Formation of giant iron oxide-copper-gold deposits by superimposed, episodic hydrothermal pulses

Abstract

The Candelaria iron oxide-copper-gold deposit in Chile was formed by superimposed, episodic hydrothermal pulses with contrasting composition and temperature, according to micro-textural and compositional variations in actinolite, a common alteration mineral.

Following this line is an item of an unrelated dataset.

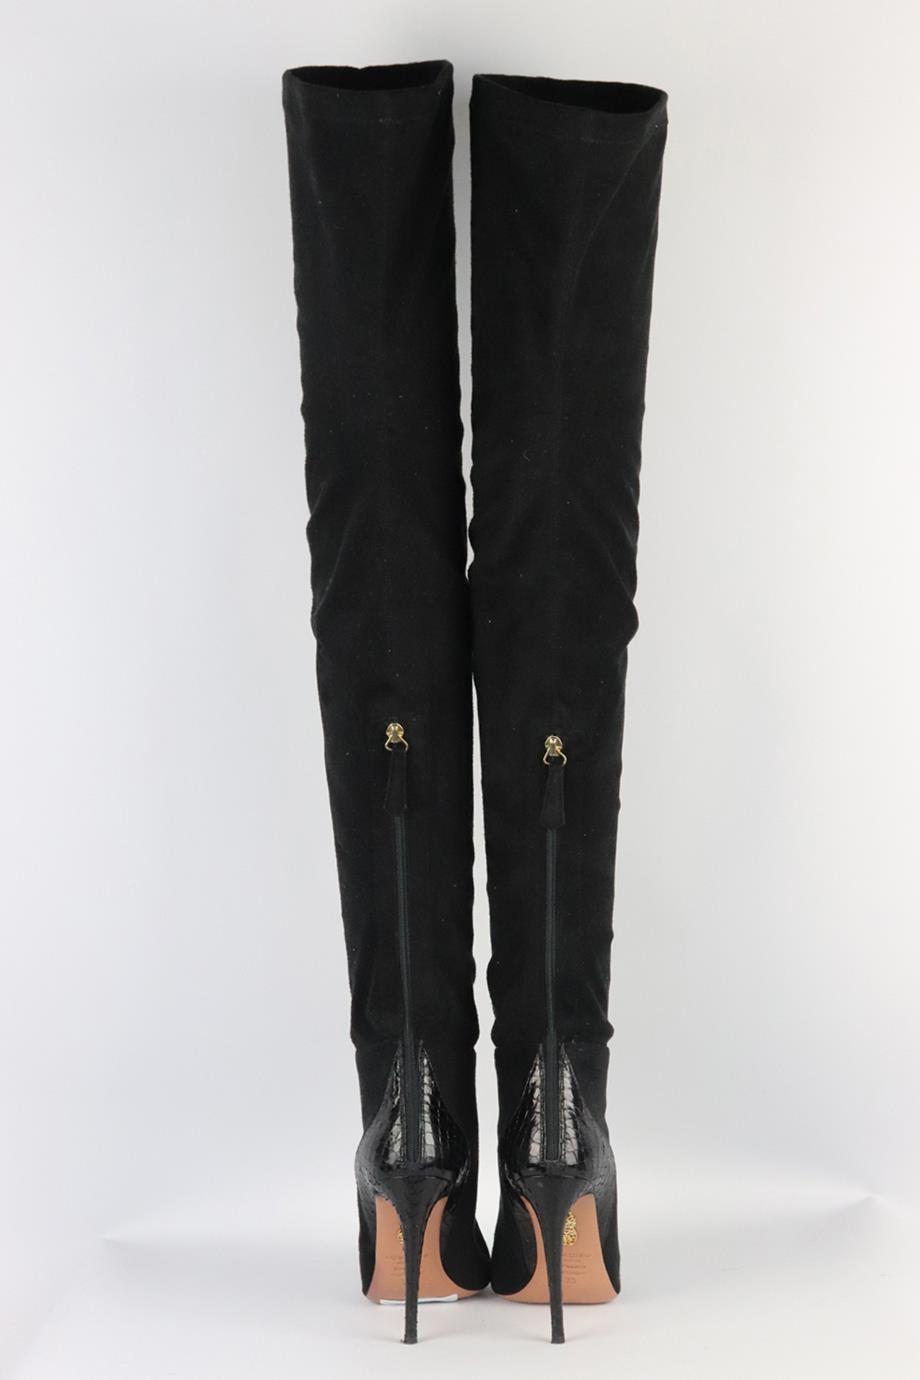 AQUAZZURA SNAKE EFFECT TRIMMED FAUX SUEDE OVER THE KNEE BOOTS EU 38 UK 5 US 8
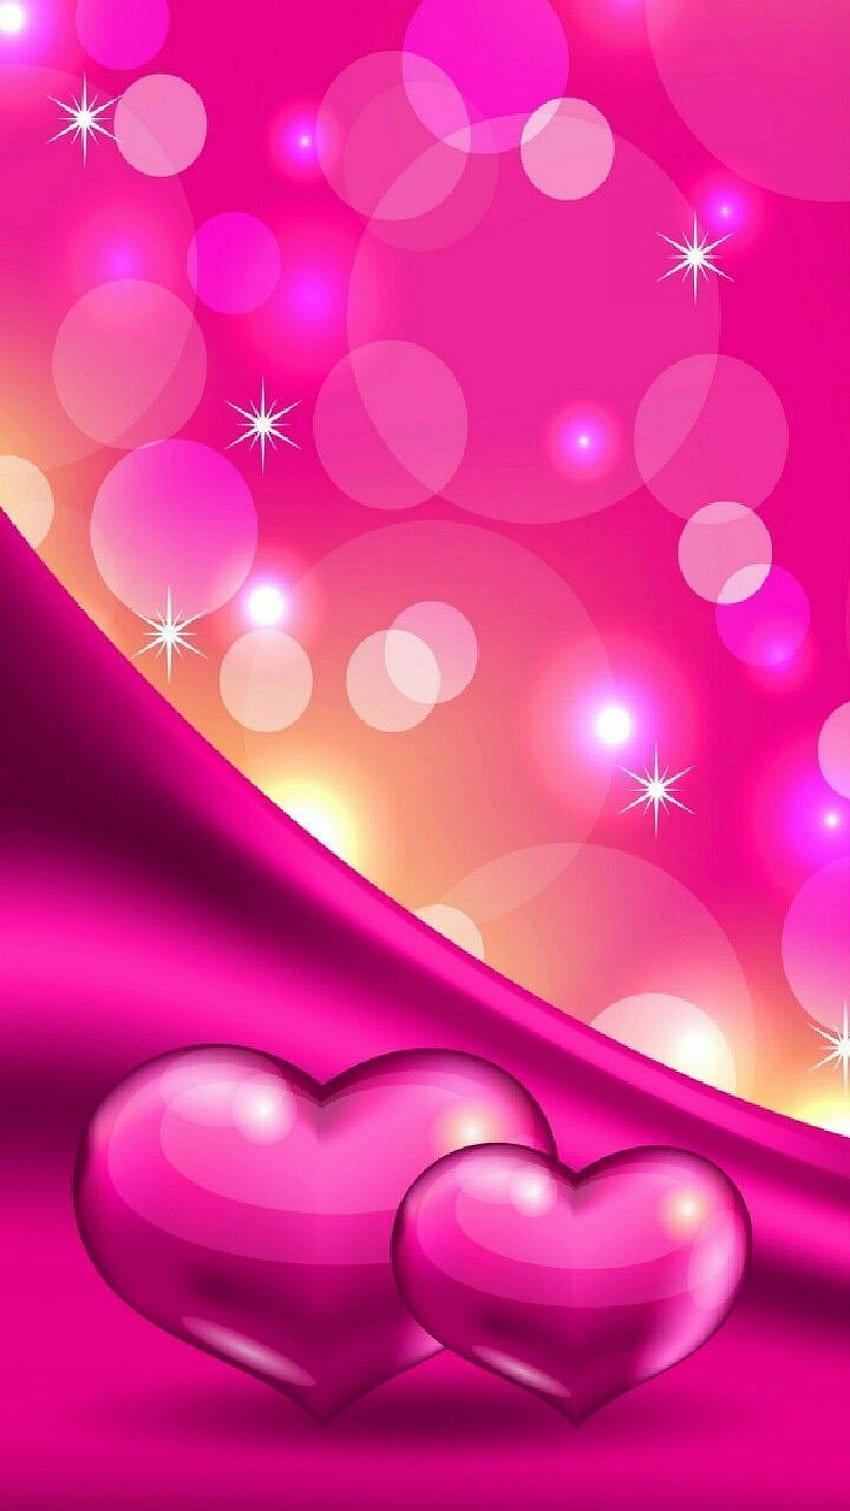 Pink Heart - Android, iPhone, Background / (, ) () (2020), Pink ...

Iron oxide-copper-gold deposits are a globally important source of copper, gold and critical commodities. However, they possess a range of characteristics related to a variety of tectono-magmatic settings that make development of a general genetic model challenging. Here we investigate micro-textural and compositional variations in actinolite, to constrain the thermal evolution of the Candelaria iron oxide-copper-gold deposit in Chile. We identify at least two mineralization stages comprising an early 675-800 degrees C iron oxide-apatite type mineralization overprinted by a later copper-rich fluid at around 550-700 degrees C. We propose that these distinct stages were caused by episodic pulses of injection of magmatic-hydrothermal fluids from crystallizing magmas at depth. We suggest that the mineralisation stages we identify were the result of temperature gradients attributable to changes in the magmatic source, rather than variations in formation depth, and that actinolite chemistry can be used as a proxy for formation temperature in iron oxide-copper-gold systems.